Surmac is a hard company to classify.
Originally created as a water jetting and
coating firm, it quickly branched out. “It
really developed from there into concrete
and specialty work, basically as a way to
keep work coming in when things would
slow down. One thing led to another,
and now we’re pretty well known in certain circles.”
Watson’s historic restorations include
the old U.S. Mint in New Orleans, the Rose
Window at San Antonio’s San Jose Mission, numerous old courthouses, including Bexar County’s, the Steves Homestead and the Spanish Governor’s House
in San Antonio.
The company does maintenance on
ships at sea, has coated tunnels and 30below-zero blast freezers and, within the
last few years, developed a roofing system from foam and super, state-of-theart thermoplastic coating.
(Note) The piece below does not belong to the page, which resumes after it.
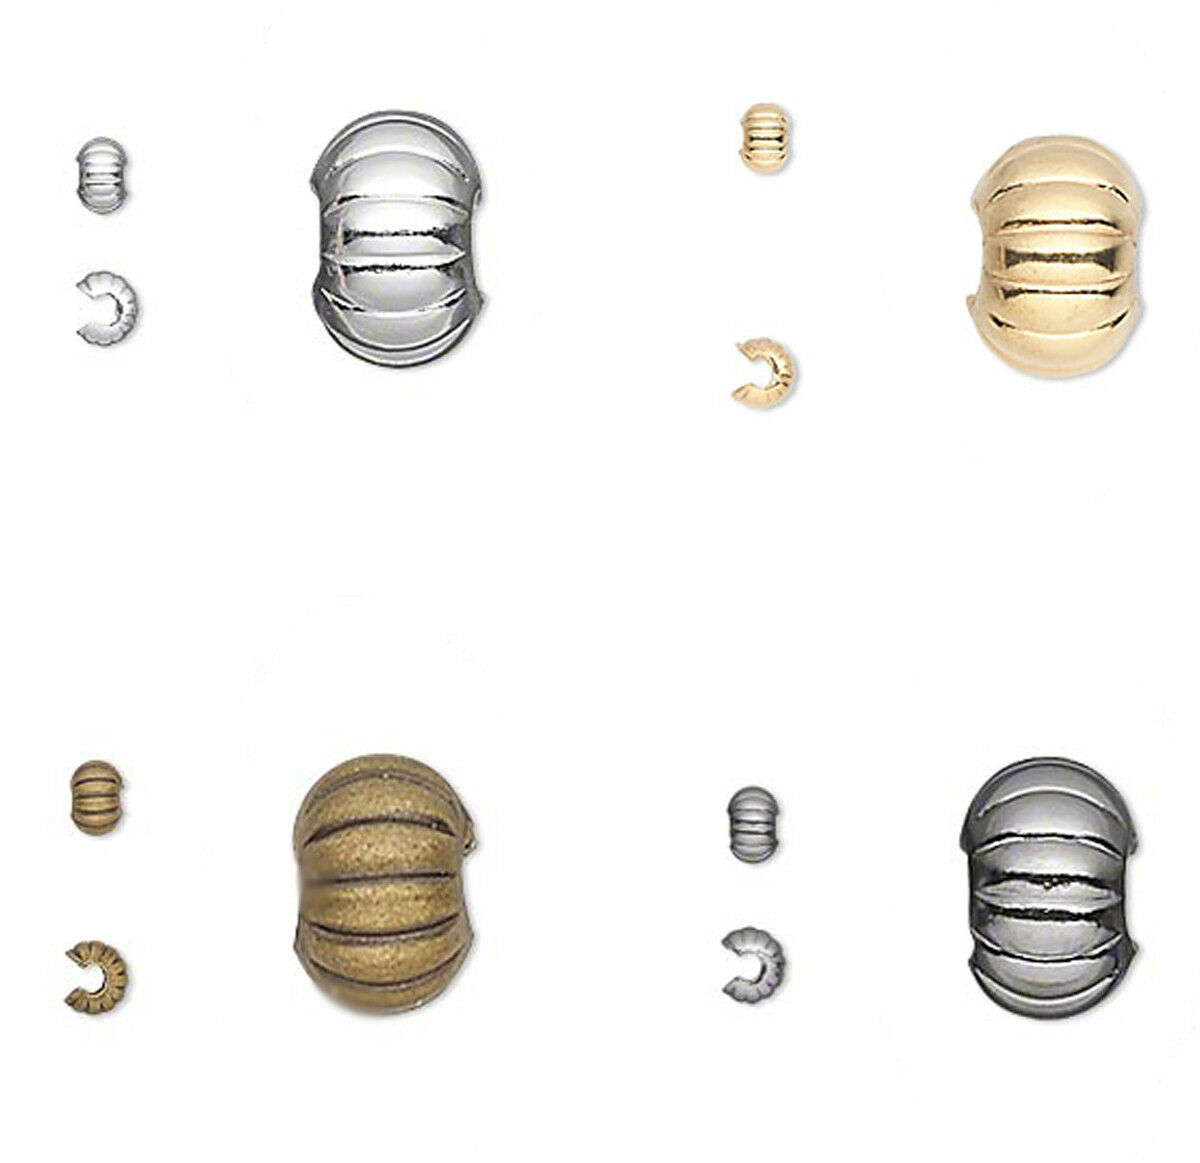 50 Corrugated Crimp Tube Bead Covers 3mm 4mm 5mm Gold  Silver  & Gunmetal Plated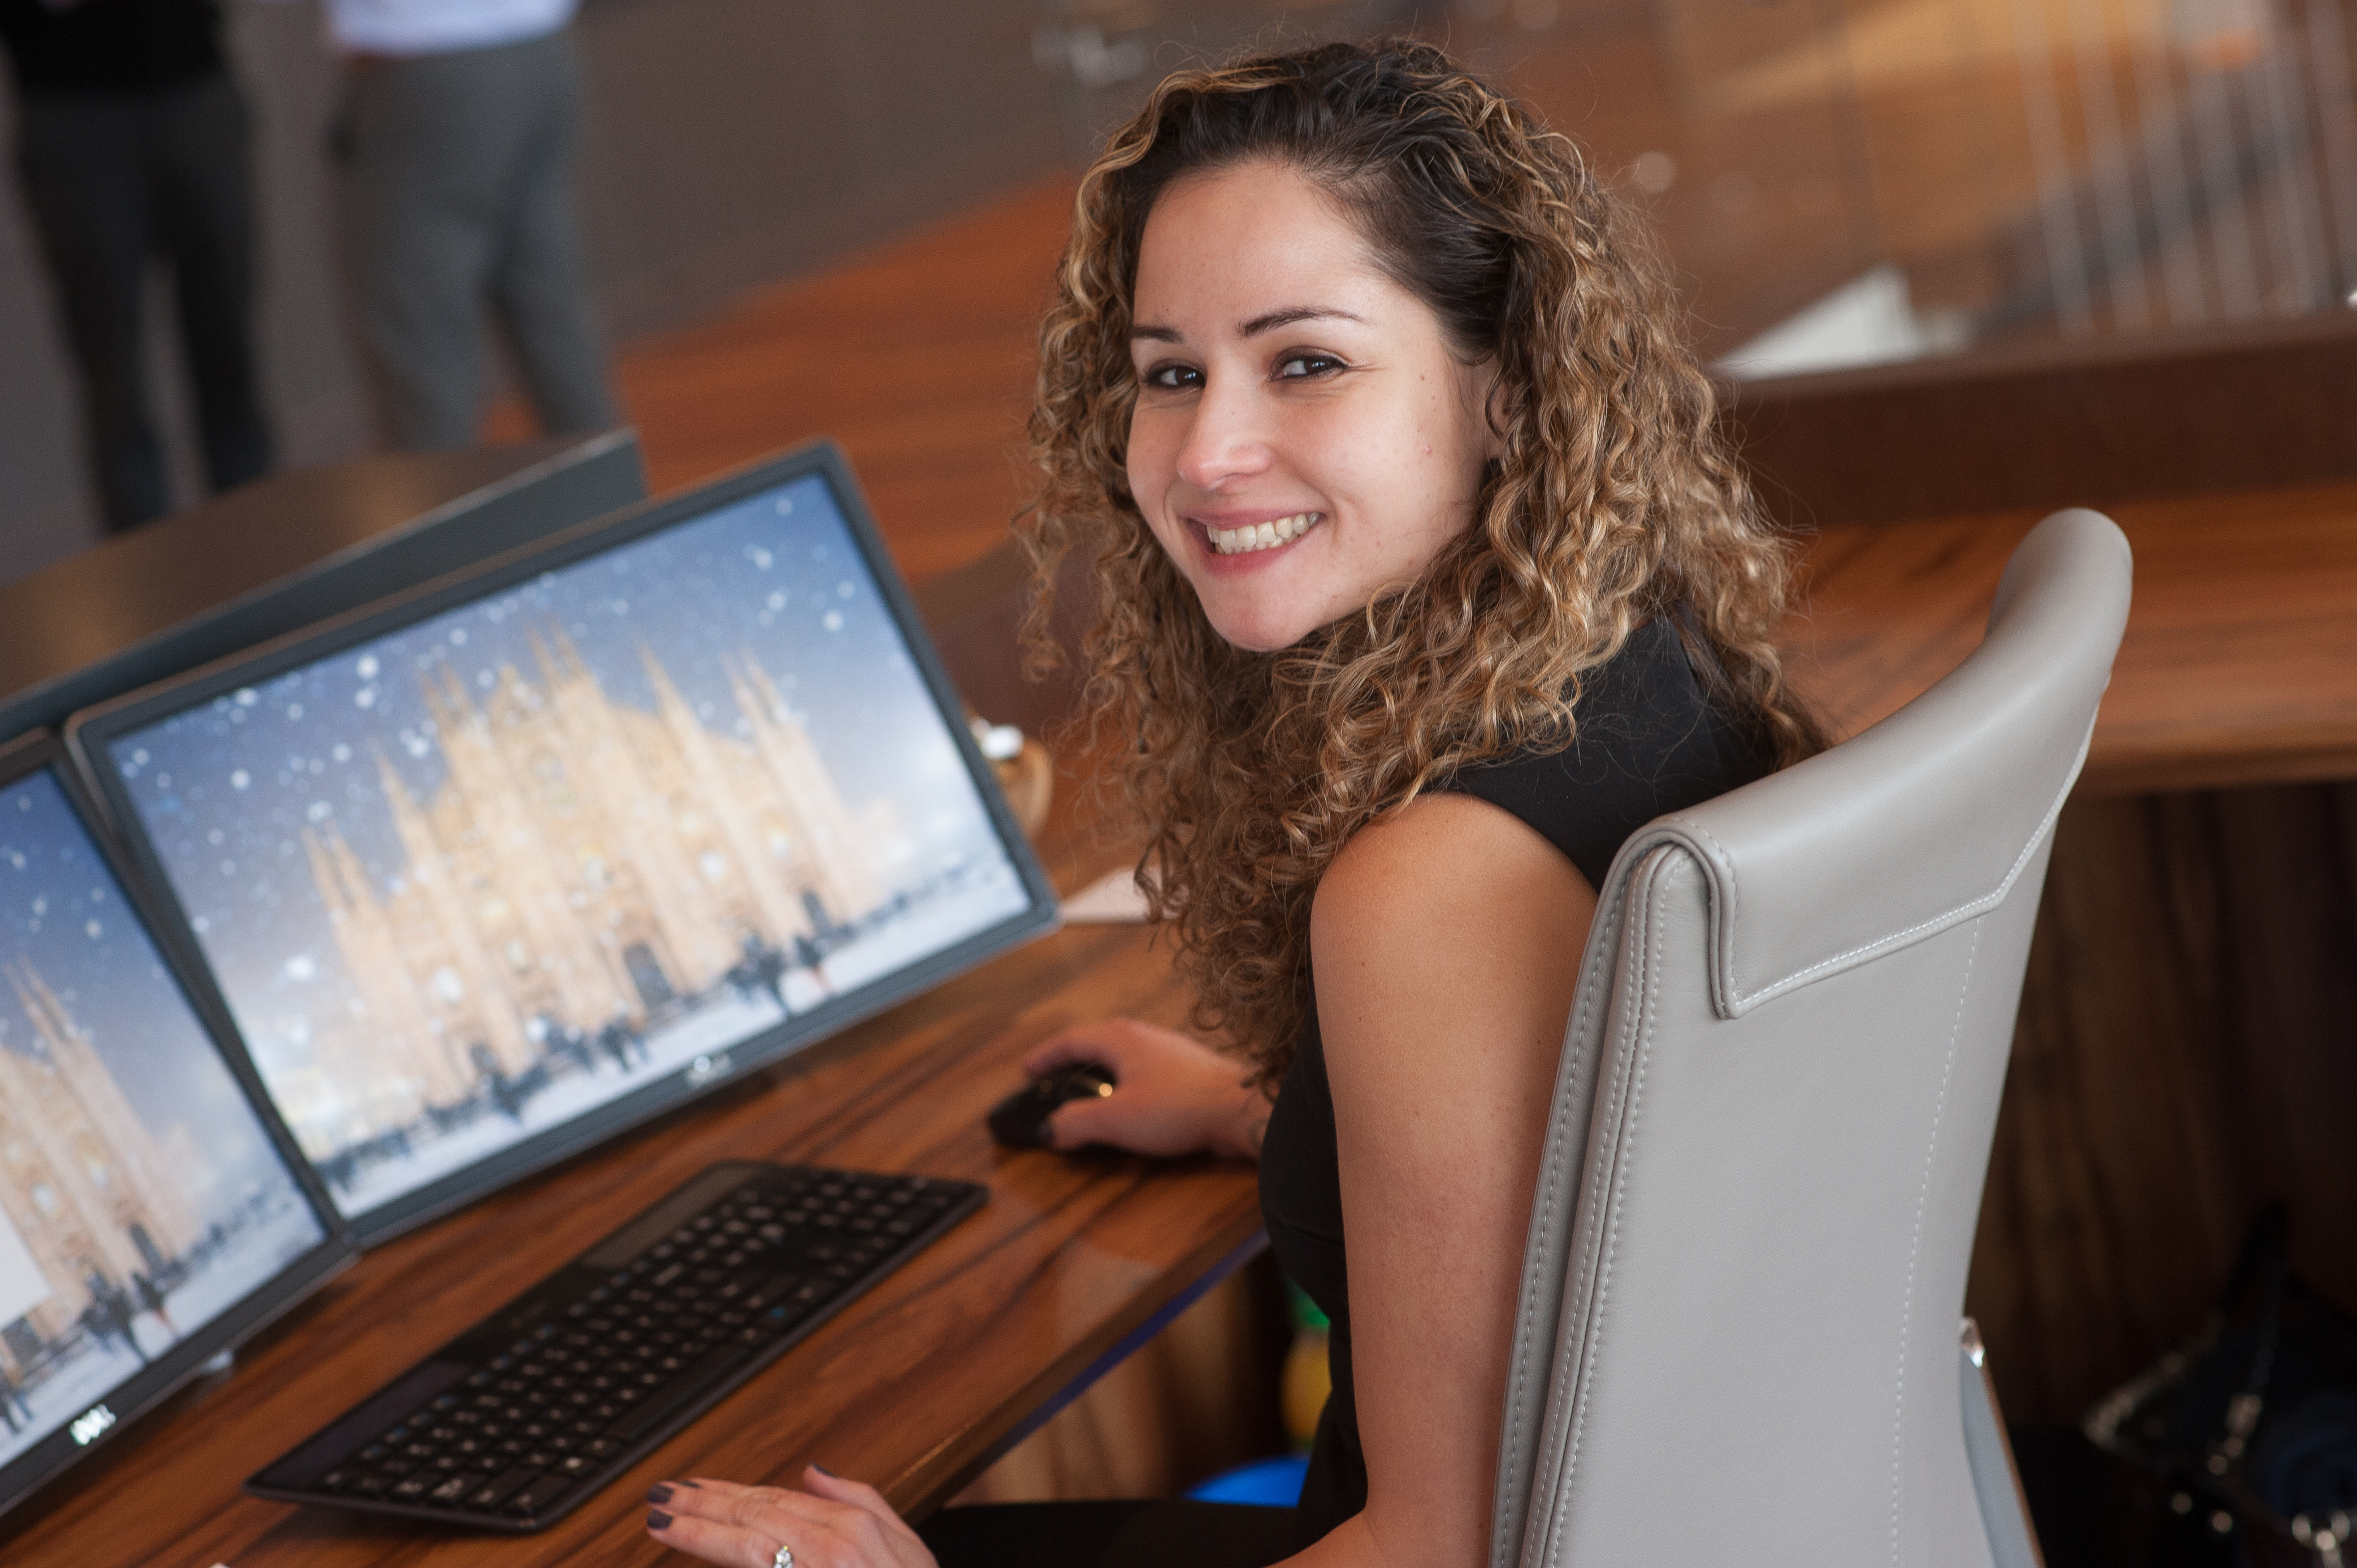 curly haired woman working in front of the computer smiling at the camera

A recent job
was covering the roof of the Waco hanger
where Air Force One is stored when
George W. Bush goes to his Crawford
ranch.
What’s next for the company? “We’re
opening a San Antonio office and warehouse,” Watson said, “where our sales
manager, Art Dresch, will be based.
“We specialize in fast turnarounds in
critical situations,” he explained. “And
we’re always on the lookout for challenging, interesting jobs.”